Richard will enter. Looking into the dark kitchen at the far window like the one Ted looked through one early morning, Richard will find reflected part of the TV screen. Seeing the back of your portable Admiral just inside the door to his right, he’ll perhaps put a foot over the threshold. He may not know the wall phone is only a few inches away. But since I took the phone-receiver off the TV and hung it back up, Richard won’t connect the TV with the excuse list above the phone, and hence not with EARTH = SPACECRAFT, which he’d not have understood anyhow. He’ll turn away to the living room and he’ll look in the desk for bank books and such, not for his sake but for expedition’s.

He’ll spot these 8 1/2 by 11 sheets that I’ve made mine, and he’ll peruse the last one or two, which are on top, and he’ll straighten the pile and roll it and, finding a rubber band in a desk drawer, he’ll take this second part of my convection with him. But he won’t dare look (say) behind my curtain by the long window. Through the window I see that the red EXIT in the great workroom of the nightgown company across the way is dimmer now as morning nears and the containing edifice itself shapes forth its towering stone verticals. But you didn’t assume your son would come before morning, so maybe you didn’t think it would be dark and you thought he would indeed connect himself, by cathode ray, with SPACECRAFT and thence to the body’s volume and the cubic habits of the heart and your love for your only son. But that link is left to me.

What brought the cops so quickly long ago? All that kind of thing will come out in the wash. Richard will almost think the steps he heard came from another apartment, even from the penthouse where he doubtless does not know you used to trampoline. He will extinguish the light over this table. He will keep his key; he will dart his eyes about seriously, to make himself feel better. Departing, he will open the door slowly, stand a safe moment in case what he has percentally ignored betrays itself (though what would he do if it did?).
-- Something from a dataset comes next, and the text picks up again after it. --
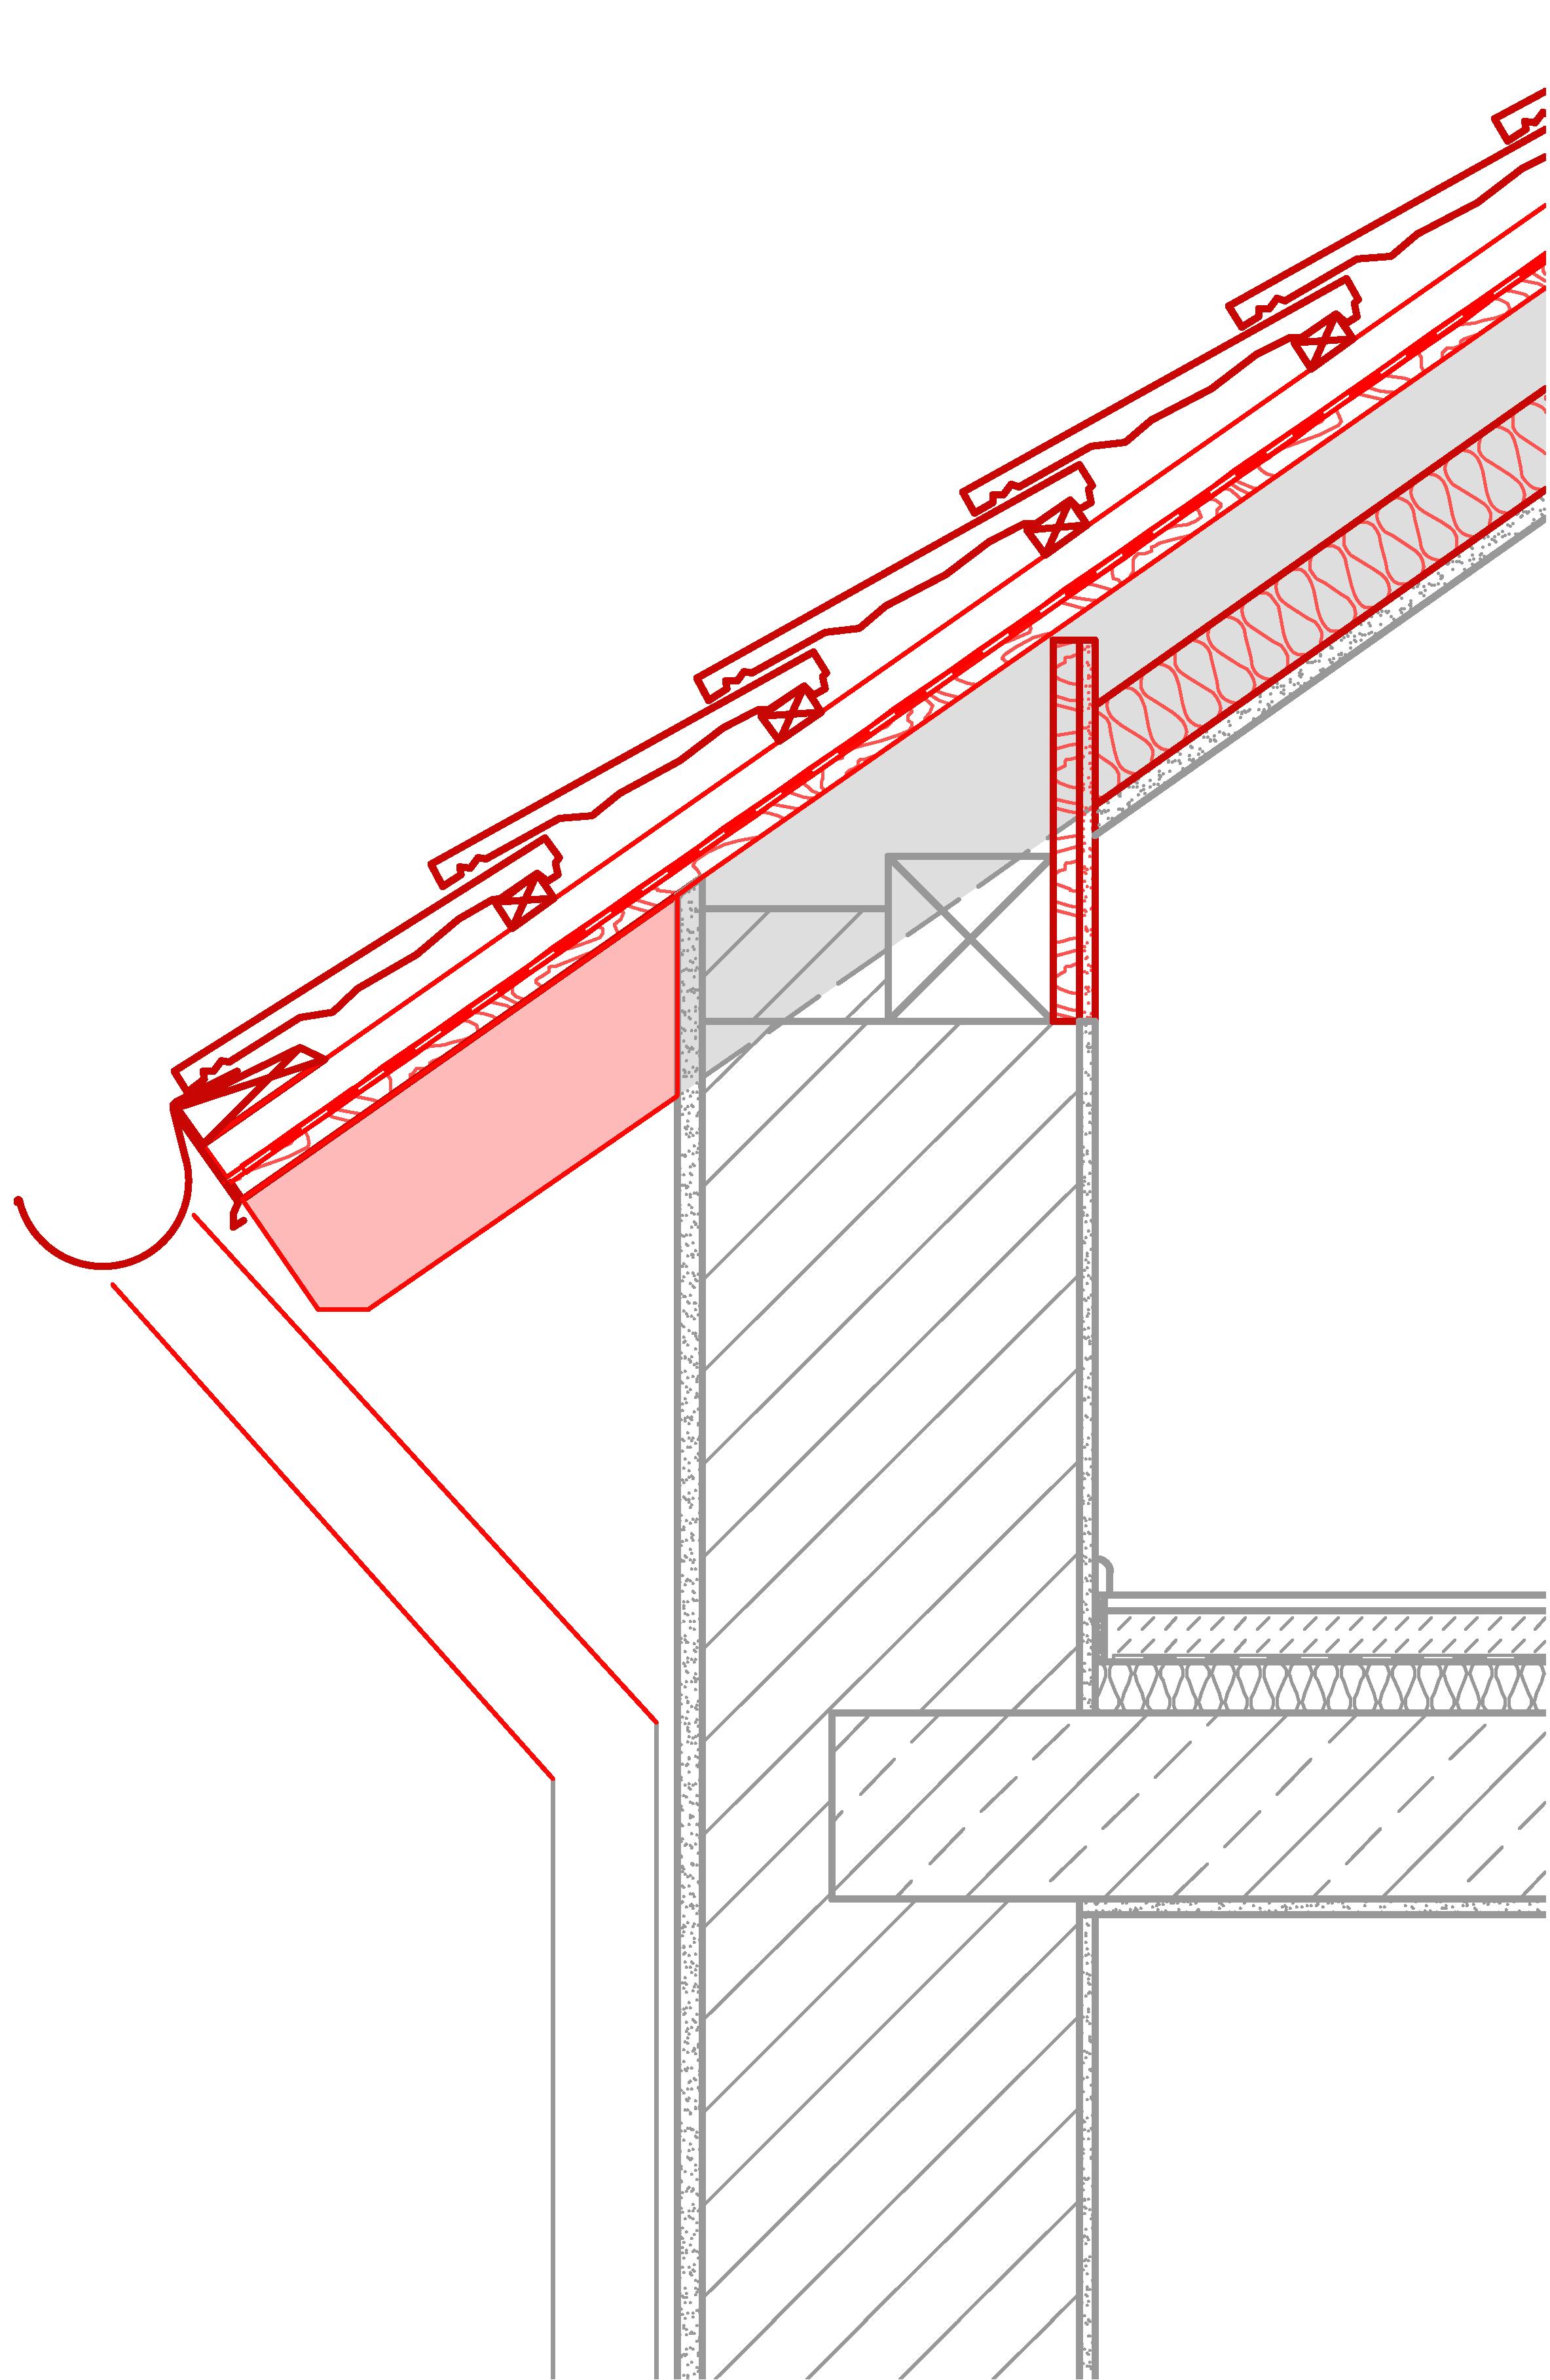 Fabulous 13b Dach Auf+Zwischensparren mit AW - Netzwerk Alpines Bauen MM21

He will step to the mat, and he’ll think What’s all this about someone’s mother seeing a Puerto Rican kid pedal a delivery rig past in the opposite direction with a skull and crossbones on it and her thinking what’s happened to Joey? and as Richard descends the west shaft he’ll wonder who it was that Joey didn’t deliver to which lost him his place at Bohack’s though Monday after school he went to work for A&P on Montague Street; and then who is this Bob on an island at night? — to whom someone says it takes a thousand pounds of phytoplankton to produce a hundred zooplankton to produce ultimately ten pounds of herring, and this Bob says back to this someone “So what!” still irked that this friend or companion or whatever he is offered advice about Bob being gentler with one of his sons.